Pembee Mfg. Corp. v. Cape Fear Constr. Co., 313 N.C. 488, 491, 329 S.E.2d 350, 353 (1985) (citations omitted). When the party moving for summary judgment pleads the statute of limitations, the burden is then placed upon the non-movant to forecast evidence showing that the action was commenced within the permissible period after the cause of action accrued. Id.
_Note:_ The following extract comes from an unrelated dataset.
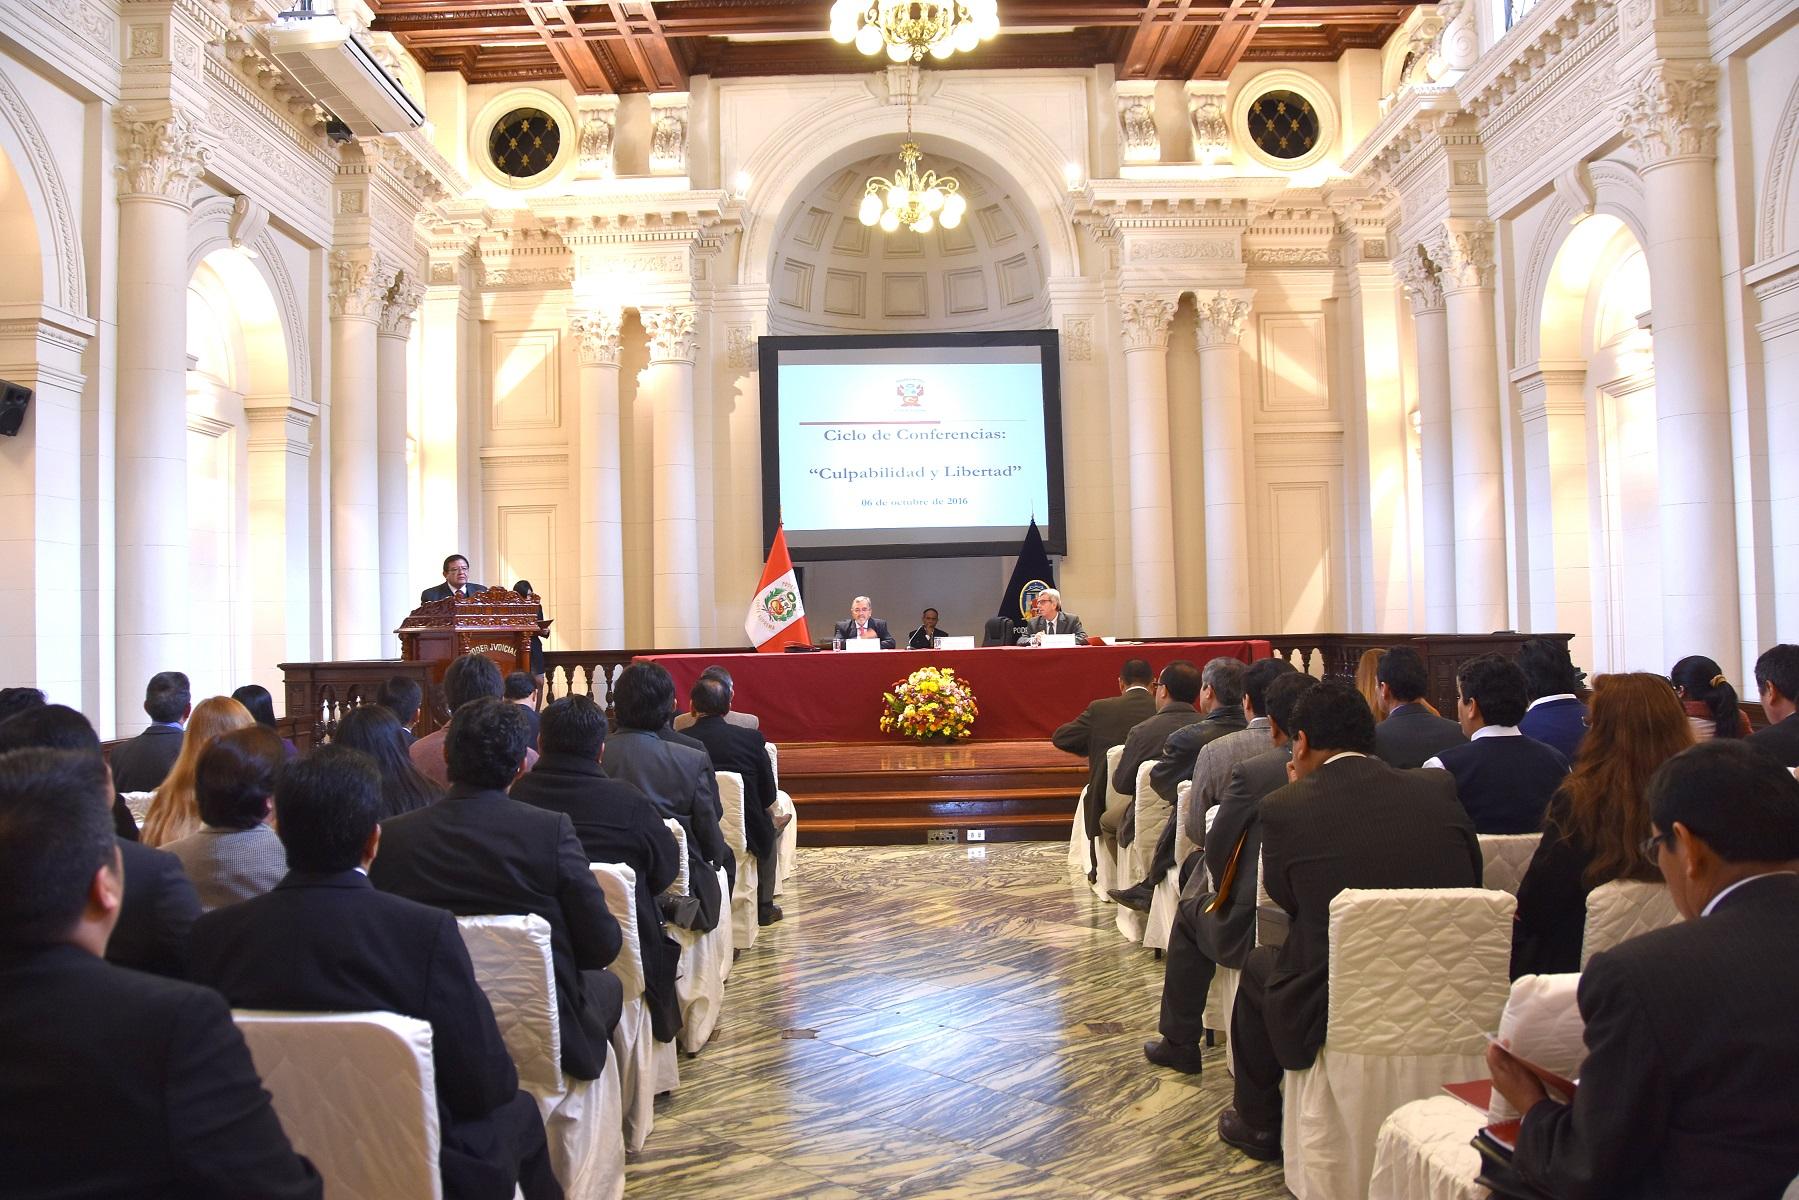 2016-10-6 CSJ Peru8, Present JorgeLSalas Confer DL Culpab-libert 2253

    Our examination of the record indicates that in her answer, defendant asserted as an affirmative defense that “[t]he claims raised by Plaintiff in his Complaint are barred by the applicable statute of limitations.” It is undisputed that (1) plaintiff purported to convey all right, title, and interest he claimed to hold in the subject property to a third party on 10 December 1998, and (2) defendant commenced the 1999 action against plaintiff by filing her complaint on 31 January 1999, each of these events occurring over three years before plaintiff filed his complaint on 19 March 2002. Moreover, the record contains no evidence that plaintiff paid any portion of the property taxes, insurancepremiums, or repair costs related to the subject property after the calendar year 1998. Thus, plaintiff has failed to forecast any evidence that he commenced his action for unjust enrichment within three years of making his last expenditure related to the subject property which allegedly benefitted defendant. The trial court did not err in granting summary judgment in favor of defendant.
    Affirmed.
    Judges MCGEE and MCCULLOUGH concur.
    Report per Rule 30(e).


Footnote: 1
    It appears from the record that defendant's husband died shortly after the purported deed was executed.
Footnote: 2
    The trial court also concluded in its order granting defendant's motion for summary judgment that plaintiff's unjust enrichment claim “should have been initiated as or in a compulsory counterclaim in [the 1999 action],” and that plaintiff's failure to do so, along with the running of the limitations period on his unjust enrichment claim, “are alternative grounds which justify and compel the Court's decision.”